I will have a look, eventually not for GCC 12.

Comment 2 Richard Biener 2022-01-10 12:49:45 UTC

I think I've seen this before - the use in the conversion is elided in the vector path via recognizing a pattern of a pattern - that makes it not part of the SLP
tree and thus left as SLP_TYPE (..) = loop_vect, fooling the live computation.

vect_detect_hybrid_slp now does this in a more correct way but the original
worklist seeding has to be done differently for BB SLP.

Comment 3 GCC Commits 2022-01-12 19:57:49 UTC

The master branch has been updated by Uros Bizjak <uros@gcc.gnu.org>:

https://gcc.gnu.org/g:cb46559cea1d554cef1138db5bfbdd0647ffbc0d

commit r12-6535-gcb46559cea1d554cef1138db5bfbdd0647ffbc0d
Author: Uros Bizjak <ubizjak@gmail.com>
Date:   Wed Jan 12 20:57:12 2022 +0100

    testsuite: Compile gcc.target/i386/pr103861-3.c with -fno-vect-cost-model [PR103941]
    
    2022-01-12  UroÅ¡ Bizjak  <ubizjak@gmail.com>
    
    gcc/testsuite/ChangeLog:
    
            PR target/103941
            * gcc.target/i386/pr103861-3.c (dg-options): Add -fno-vect-cost-model.

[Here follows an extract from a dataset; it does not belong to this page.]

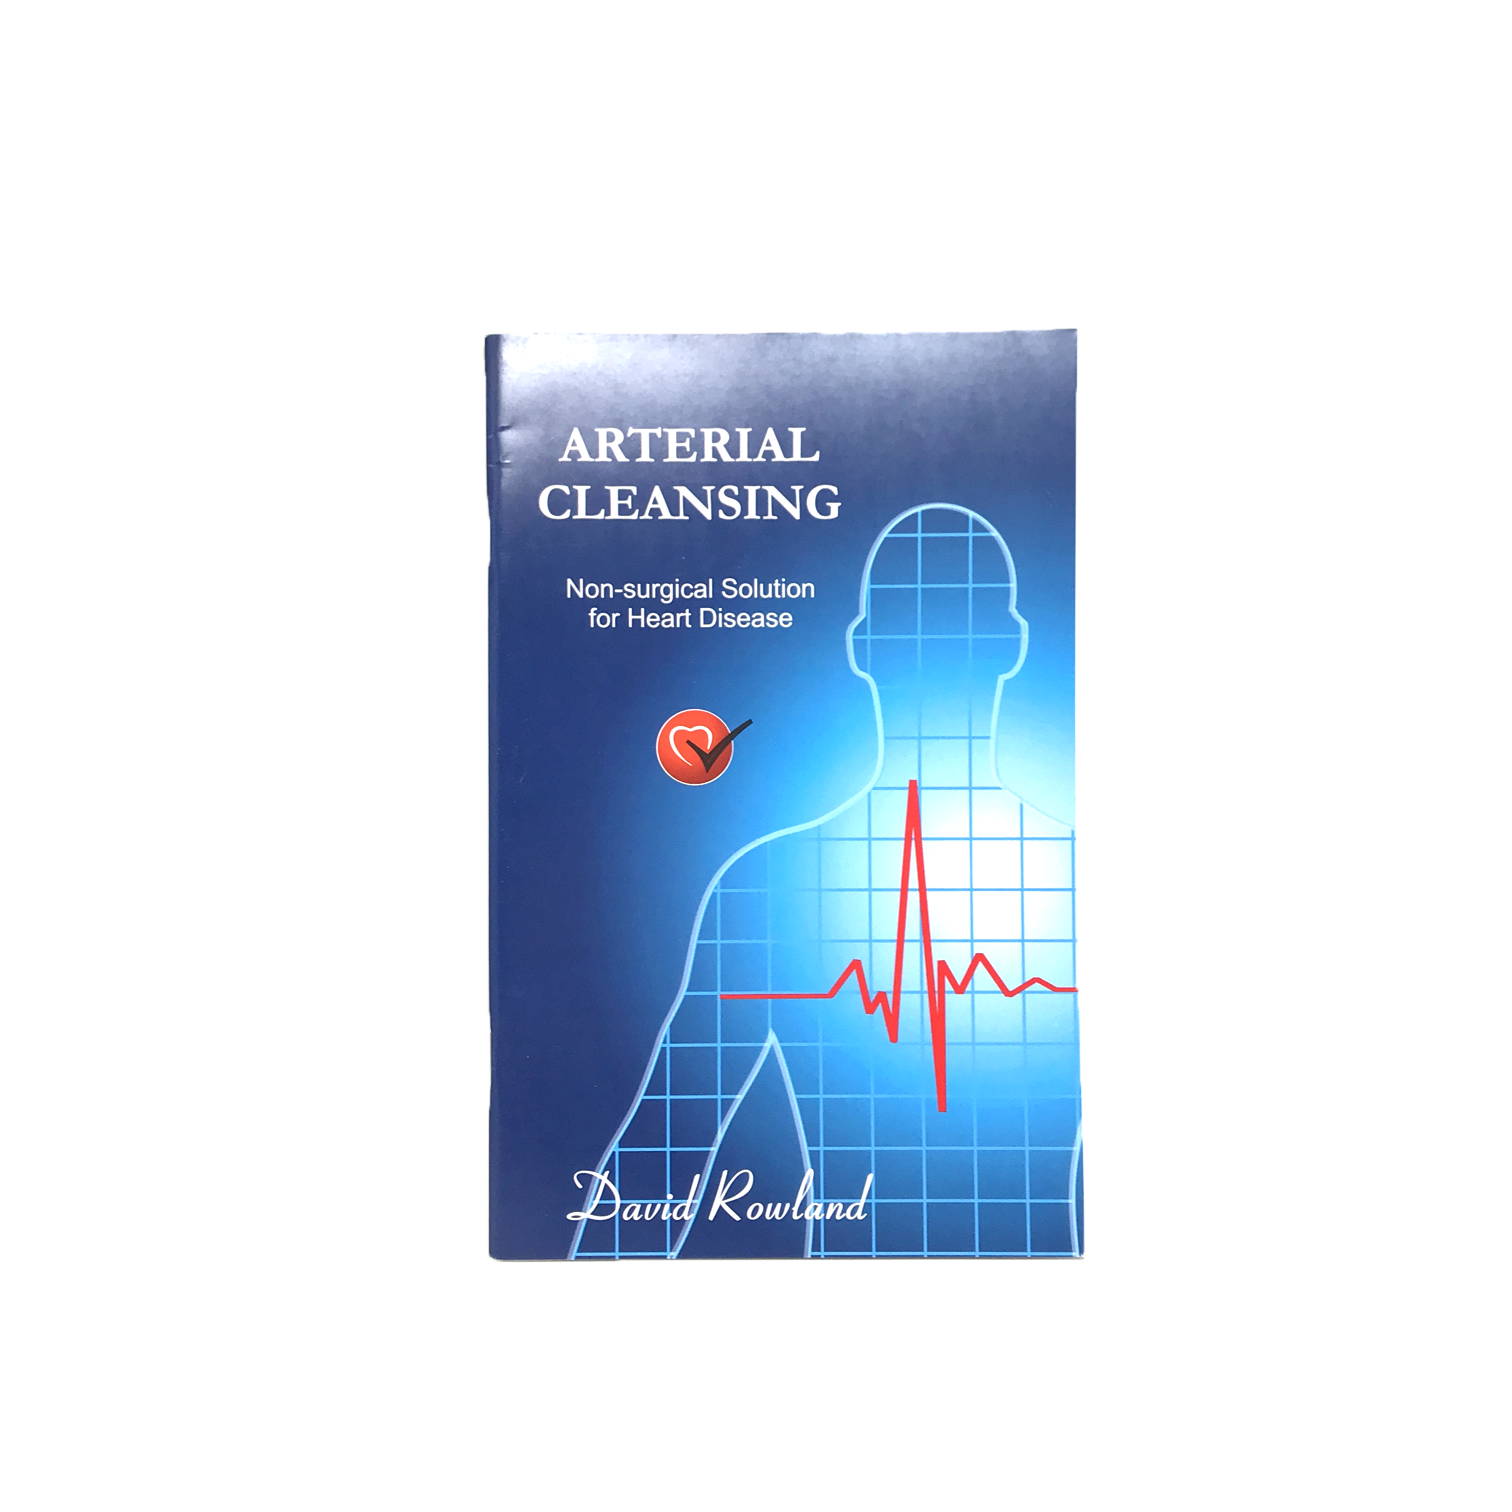 Arterial Cleansing By David W. Rowland
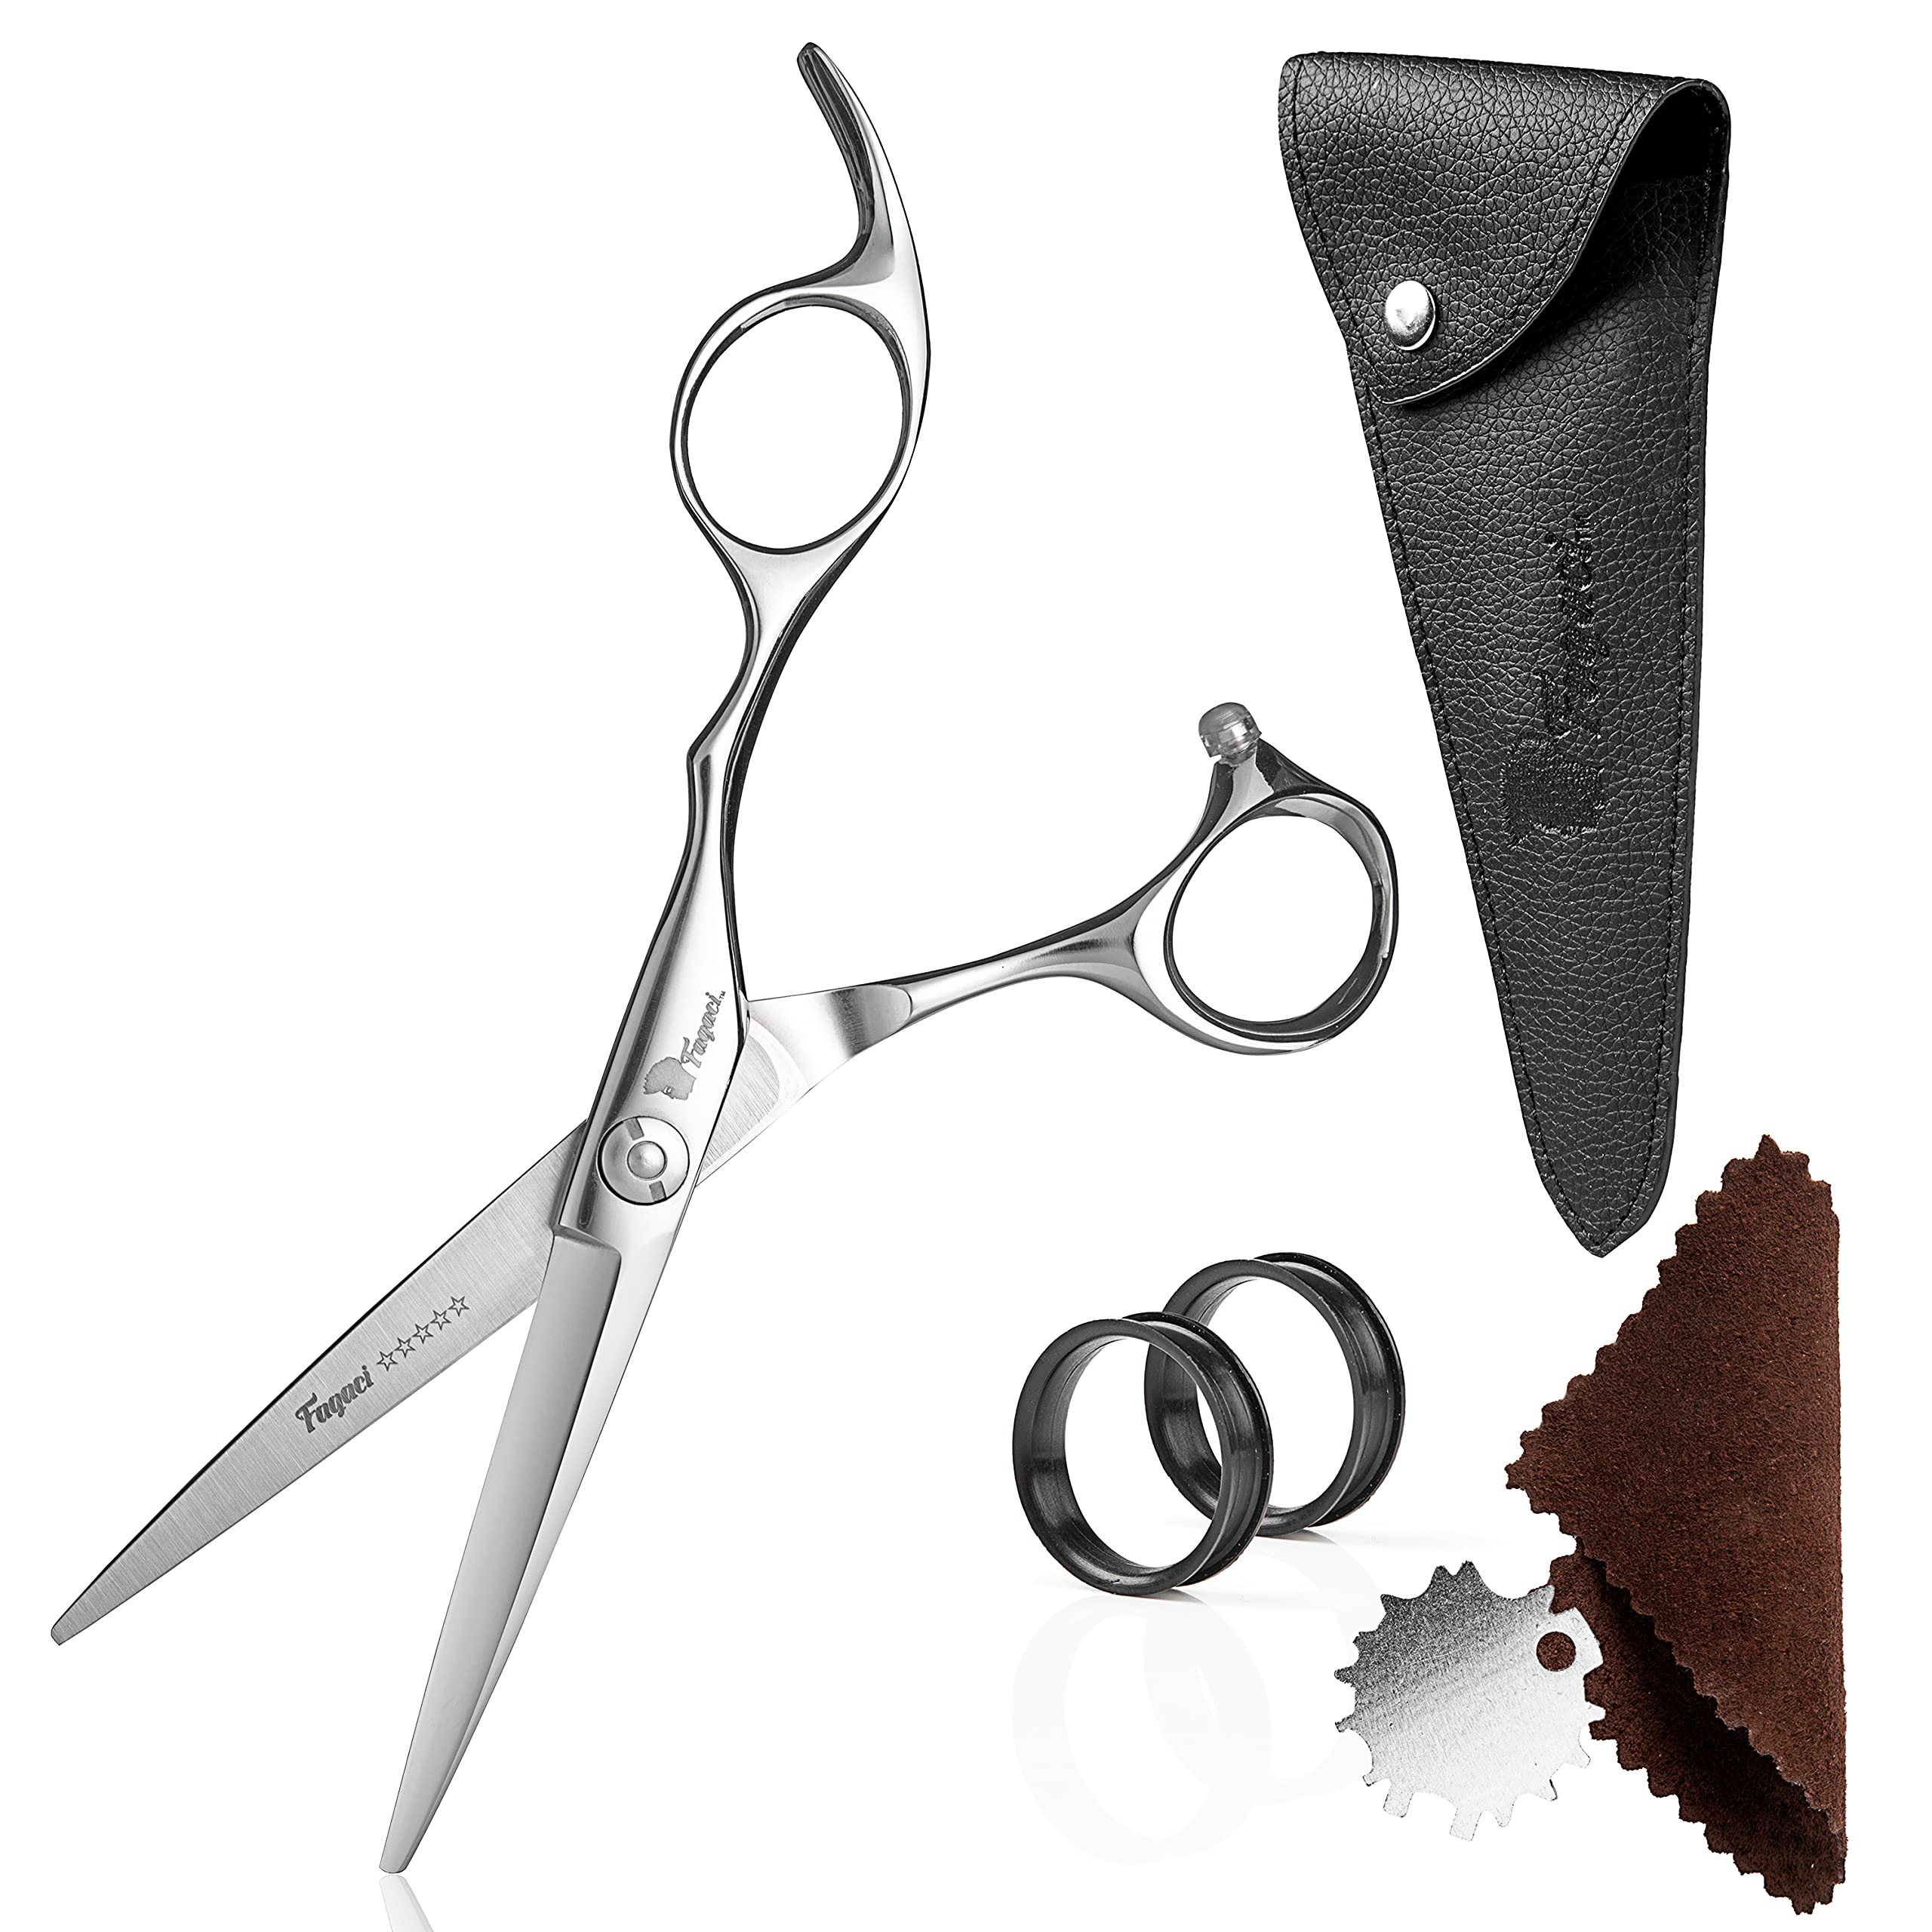 Professional Hair Scissors 5.5 Inch with Extremely Sharp Blades, 440C Steel  Hair Cutting Scissors, Durable, Smooth Motion & Fine Cut, Barber Scissors  with Elegant Sheath, Cleaning Leather & Key Hair Cutting Scissors

Comment 4 Richard Biener 2022-01-26 12:42:42 UTC

Another testcase where this occurs:

void foo (int *c, float *x, float *y)
{
  c[0] = x[0] < y[0];
  c[1] = x[1] < y[1];
  c[2] = x[2] < y[2];
  c[3] = x[3] < y[3];
}

Comment 5 GCC Commits 2022-04-19 14:42:48 UTC

The master branch has been updated by Richard Biener <rguenth@gcc.gnu.org>:

https://gcc.gnu.org/g:353434b65ef7972172597d232ae17022d9a57244

commit r12-8195-g353434b65ef7972172597d232ae17022d9a57244
Author: Richard Biener <rguenther@suse.de>
Date:   Wed Apr 13 13:49:45 2022 +0200

    tree-optimization/104010 - fix SLP scalar costing with patterns
    
    When doing BB vectorization the scalar cost compute is derailed
    by patterns, causing lanes to be considered live and thus not
    costed on the scalar side.  For the testcase in PR104010 this
    prevents vectorization which was done by GCC 11.  PR103941
    shows similar cases of missed optimizations that are fixed by
    this patch.
    
    2022-04-13  Richard Biener  <rguenther@suse.de>
    
            PR tree-optimization/104010
            PR tree-optimization/103941
            * tree-vect-slp.cc (vect_bb_slp_scalar_cost): When
            we run into stmts in patterns continue walking those
            for uses outside of the vectorized region instead of
            marking the lane live.
    
            * gcc.target/i386/pr103941-1.c: New testcase.
            * gcc.target/i386/pr103941-2.c: Likewise.

Comment 6 Richard Biener 2022-04-19 14:44:32 UTC

Fixed on trunk via the PR104010 regression fix.